Культурология: Дайджест 1 / 2009 - Галинская Ирина Львовна 2 стр.


Ни Толстой, ни Достоевский, в отличие от Ницше и от американских собратьев, не были готовы однозначно приветствовать вторую, альтернативную парадигму культуры. Но они всерьез принимали проблему «иного» сознания и пытались описать те перспективы и опасности, которые связаны с отказом от мифов власти, общества, культуры. Тот и другой (каждый по-своему) опасались безумия и кошмара нигилизма и сверхчеловечности и пытались сконструировать свои собственные панацеи против животности и демонизма. Тем не менее при всех оговорках и рецептах (как правило, довольно тривиальных, как этика «толстовства» или призывы к почвенному православию у Достоевского) проблема была поставлена: как быть в условиях кризиса культургуманизма или его расширения за пределы антропных перспектив? Западная литература и мысль ХХ в., принимаясь за эти вопросы, могли опираться не только на Бодлера и Ницше, но и на серьезно воспринятых на Западе классиков русской литературы.

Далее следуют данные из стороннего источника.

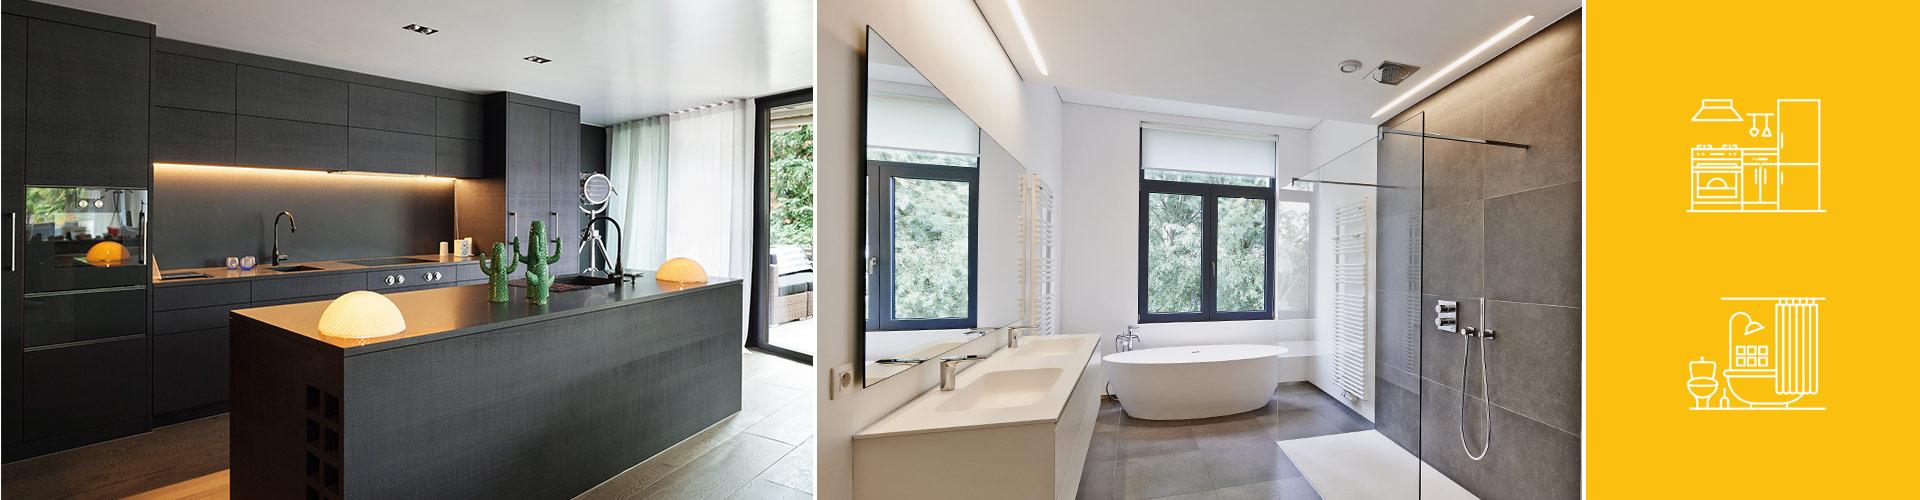 Rénovation salle de bain Lyon et cuisine | Lyon Rénovation

Таким образом, в начале ХХ столетия складывается ситуация двух парадигм. Возникновение этого «бинома» в молодой культуре ХХ в. не может считаться невиданным в истории казусом: нечто подобное наблюдалось в древности и в Средние века, когда наряду с большими философиями и патетическими глобальными мифологемами антропоцентрического типа (включая христианство) наблюдаются такие явления, как софистика и кинизм в философии, а наряду с ними (и позднее) также разнообразные формы низовой (карнавальной) культуры (М. Бахтин). Если платонизм, аристотелизм, эллинистическое и христианское искусство основываются на аксиомах некоторых Упорядоченностей и явственно антропоморфных структур, то подпольные философии и низовые формы культуры ссылаются на «природность» (physis), понимаемую как средоточие хаоса, телесности, иррациональности, смеха, уродства, фрагментарности, бессистемности, имморализма и т.д. (То есть всего того, что подтверждает неисчерпаемость и неготовность потоков бытия, невозможность свести реалии Вселенной к меркам совершенного или добивающегося совершенства человека.) По своей радикальности многие акции предков вряд ли уступали самым вызывающим акциям далеких потомков-авангардистов. Достаточно вспомнить Диогена с его знаменитыми публичными мастурбациями, или сатировские игры, которые сопровождали показ трагедии об Эдипе и сводились к той мысли, что инцест совсем не так плох, и не надо было Эдипу так убиваться.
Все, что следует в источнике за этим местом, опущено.